Sheffield-based electronic music duo

snd are Mark Fell and Mat Steel, a pair of Sheffield DJs and musicians whose work has been described as glitch. Naming their project after the extension often used for computer sound files, Fell and Steel are both computer programmers. During 1998-99, they debuted with the "Tplay" single and Newtables EP on their own .snd label. In July 1999, Mille Plateaux released the debut album, Makesnd Cassette, with Stdiosnd Types following one year later. Their most recent album, Atavism, was released in 2009 by Raster-Noton.

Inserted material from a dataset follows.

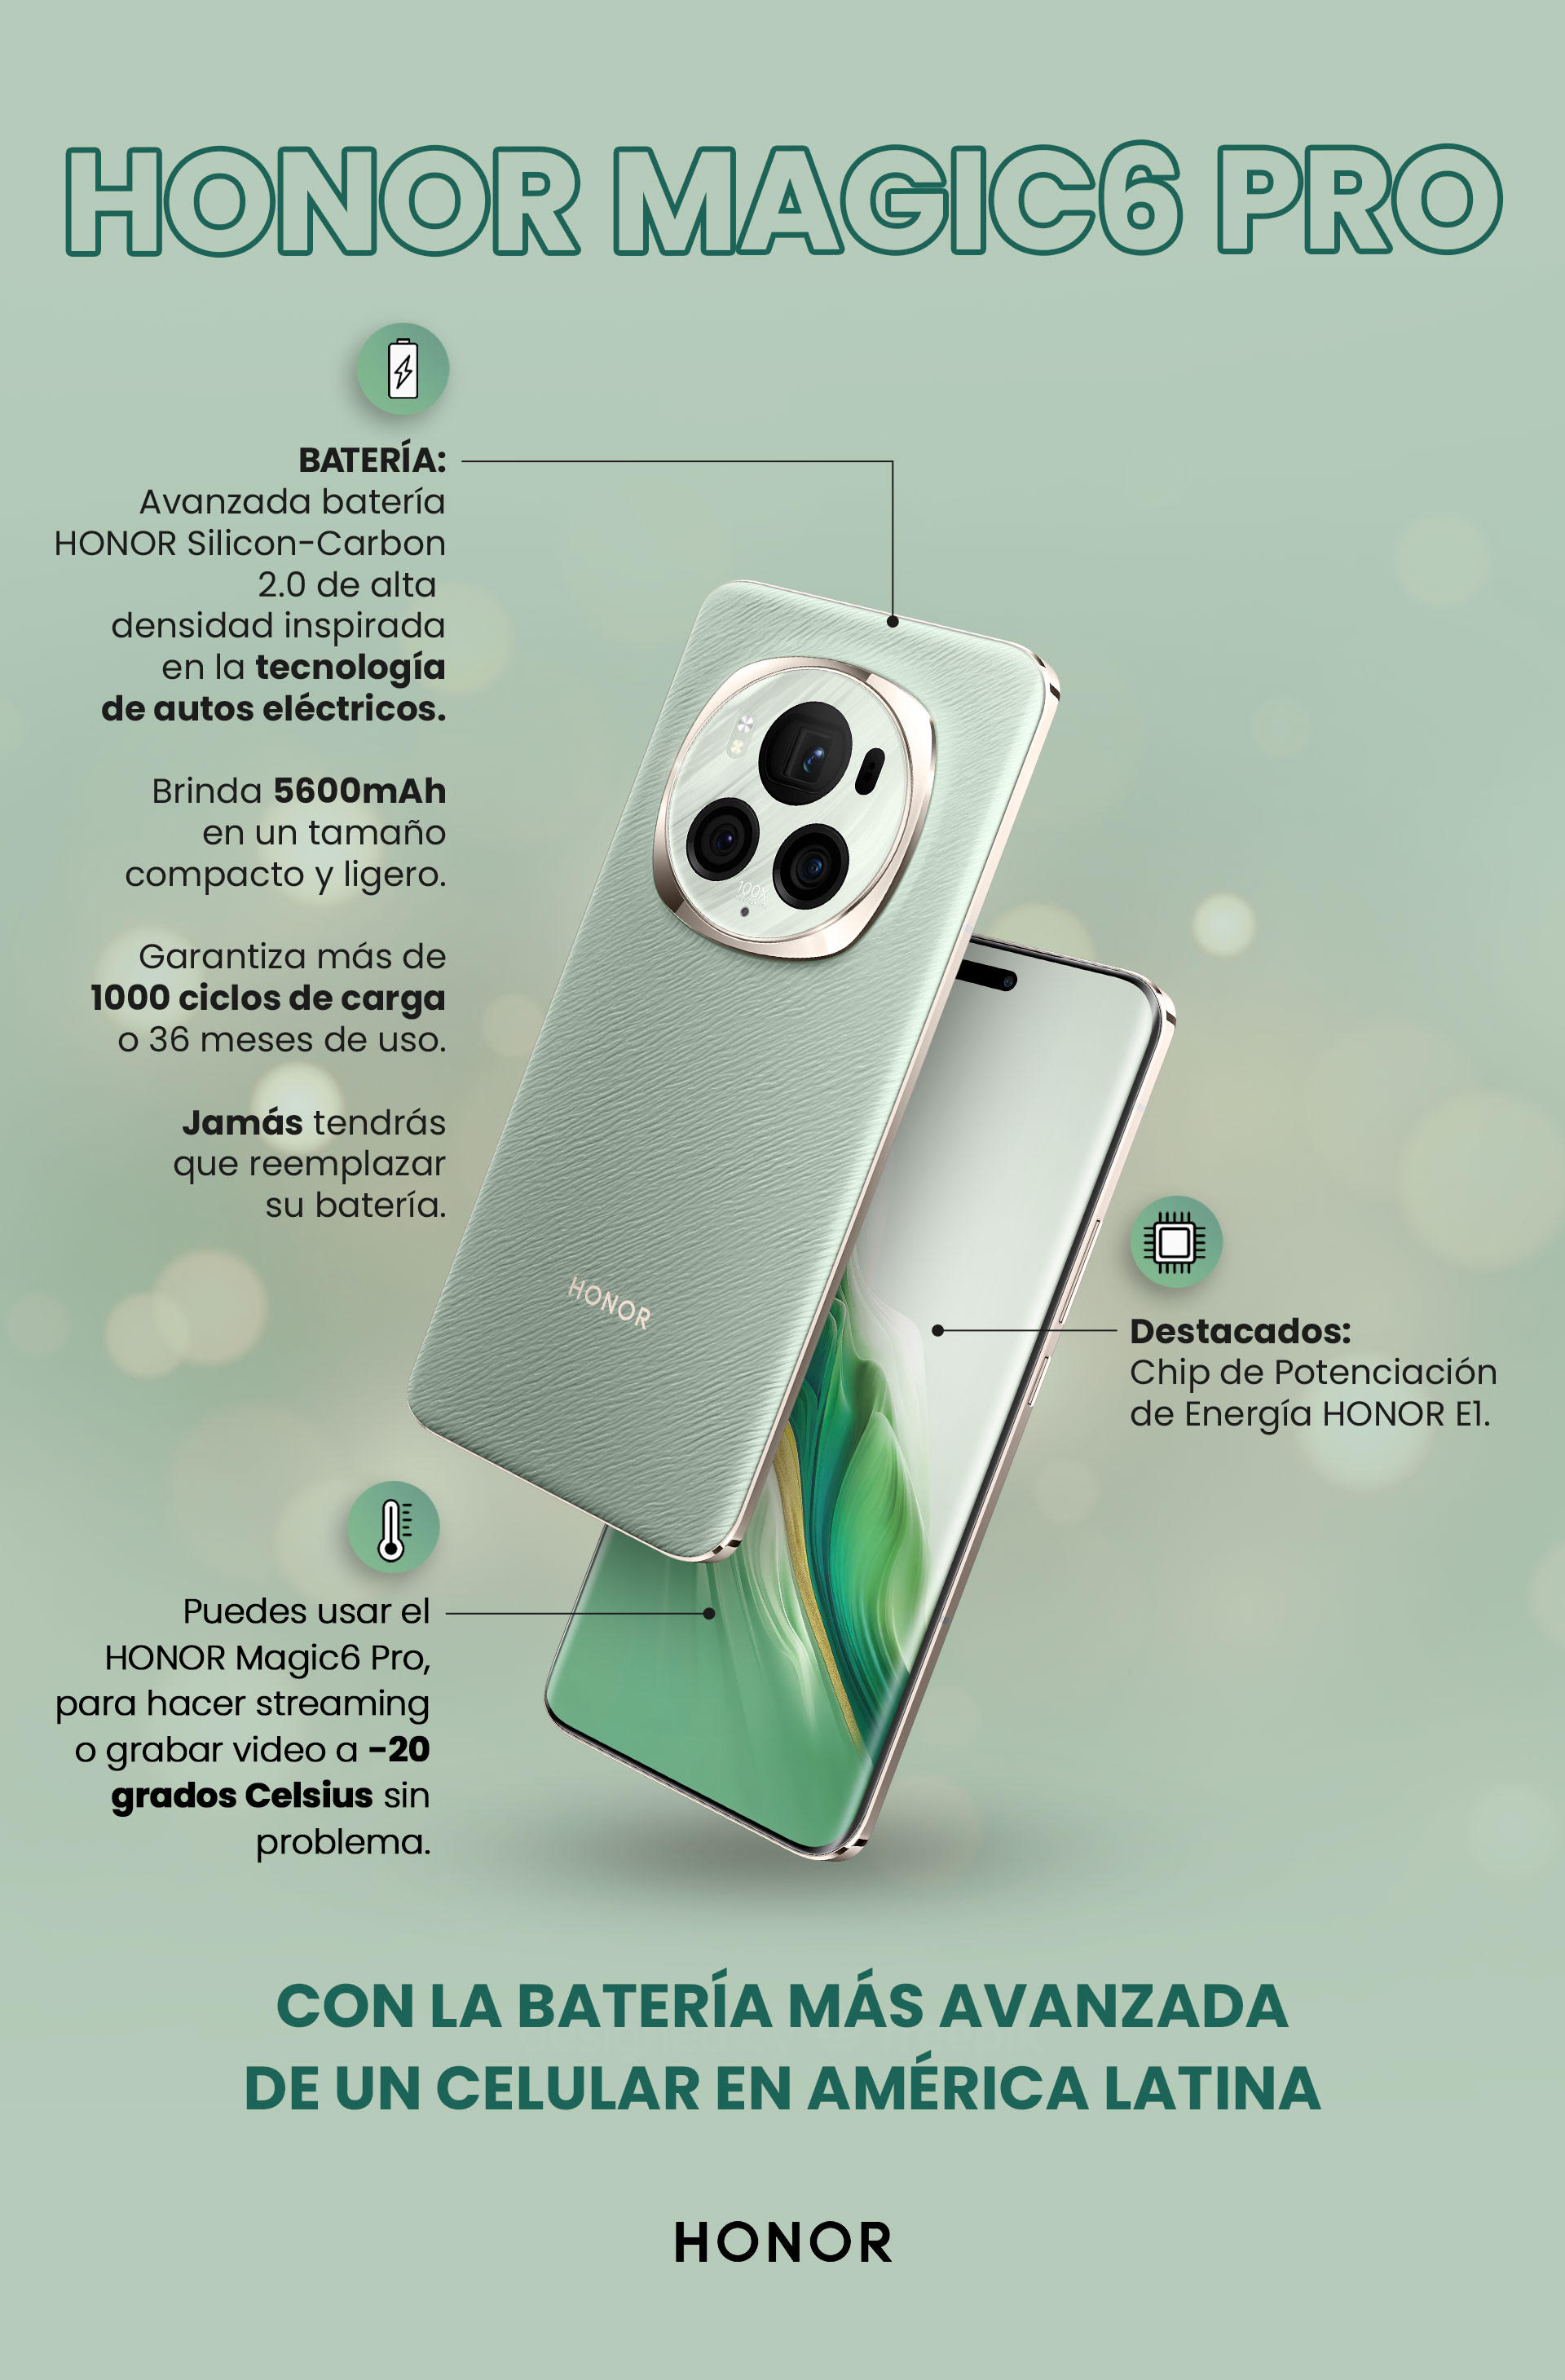 HONOR presenta la batería más avanzada en un smartphone en todo América Latina con su último lanzamiento, el HONOR Magic6 Pro
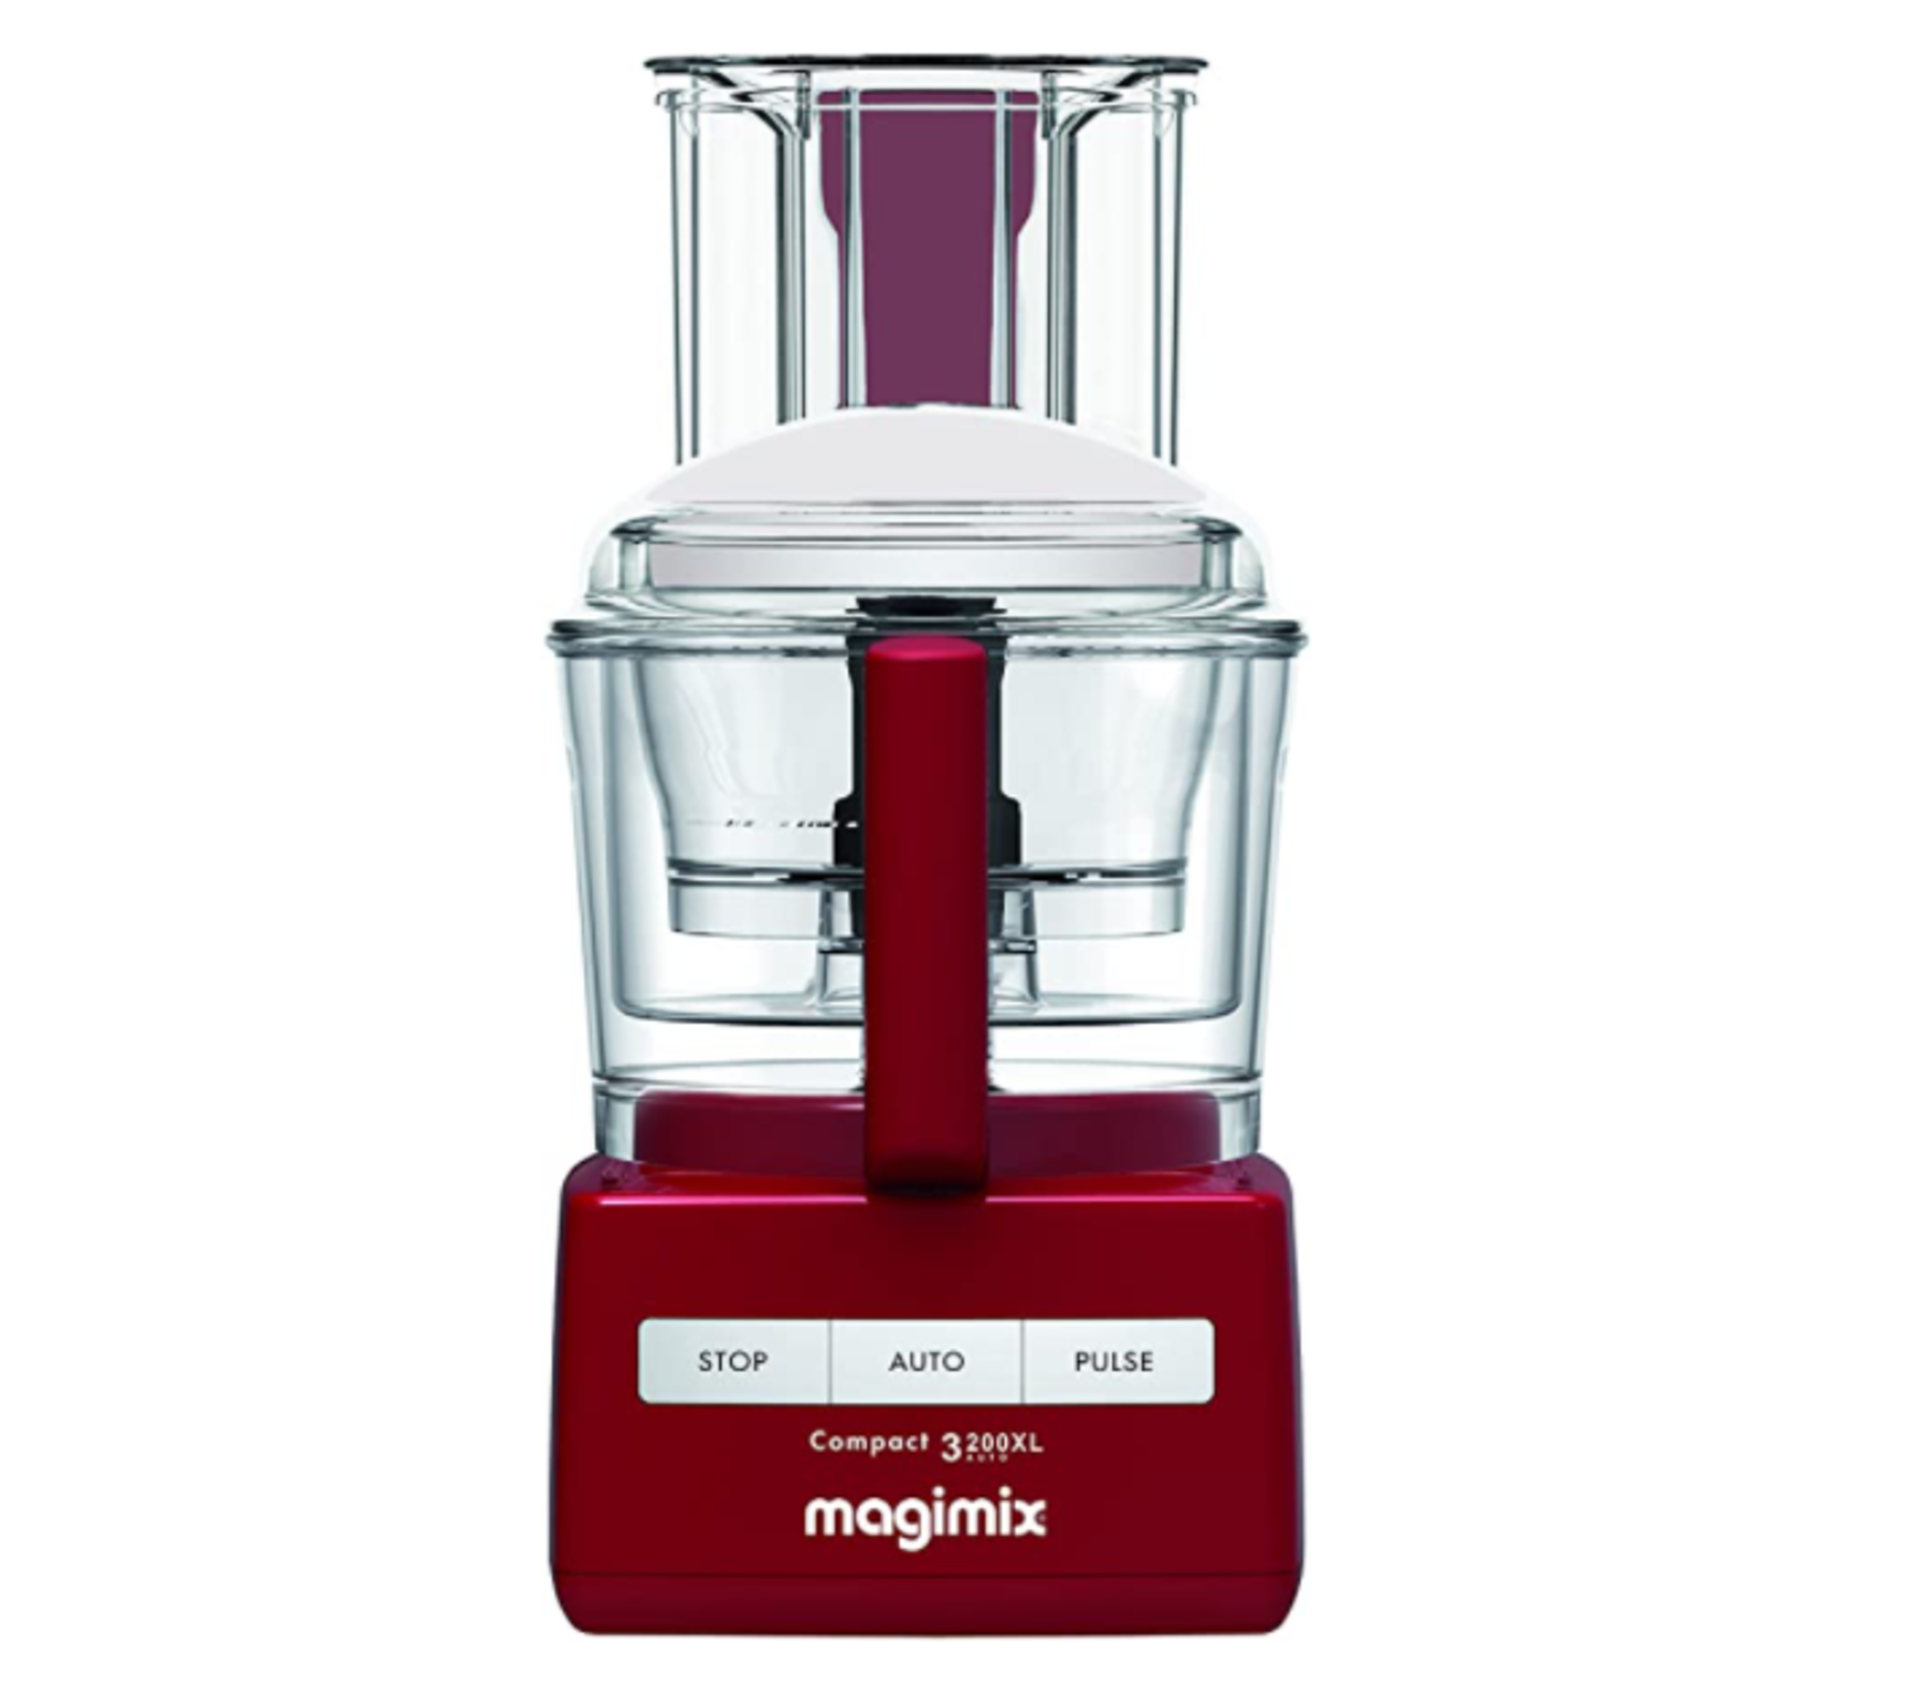 Magimix 18361 3200XL Food Processor, BPA-Free

In 2014, snd self published an extended and remastered version of their debut release Tplay.

==Discography==
===Albums===
- Tplay (Snd, 1998)
- Makesnd Cassette (Mille Plateaux, 1999)
- Newtables (Snd, 1999)
- Travelog (Snd, 1999)
- Stdiosnd Types (referred to as Stdio on the front cover; Mille Plateaux, 2000)
- Tender Love (Mille Plateaux, 2002)
- Atavism (Raster-Noton, 2009)

===Singles and EPs===
- "Systems Medley" / "Planets" (City Centre Offices, 2000)
- "Untitled" (Qoob, 2007)
- "4,5,6" (Snd, 2008)
- "Vandyk-k Integ Paradise" (DS93, 2010)
- "15/16" (split with NHK; Pan, 2012)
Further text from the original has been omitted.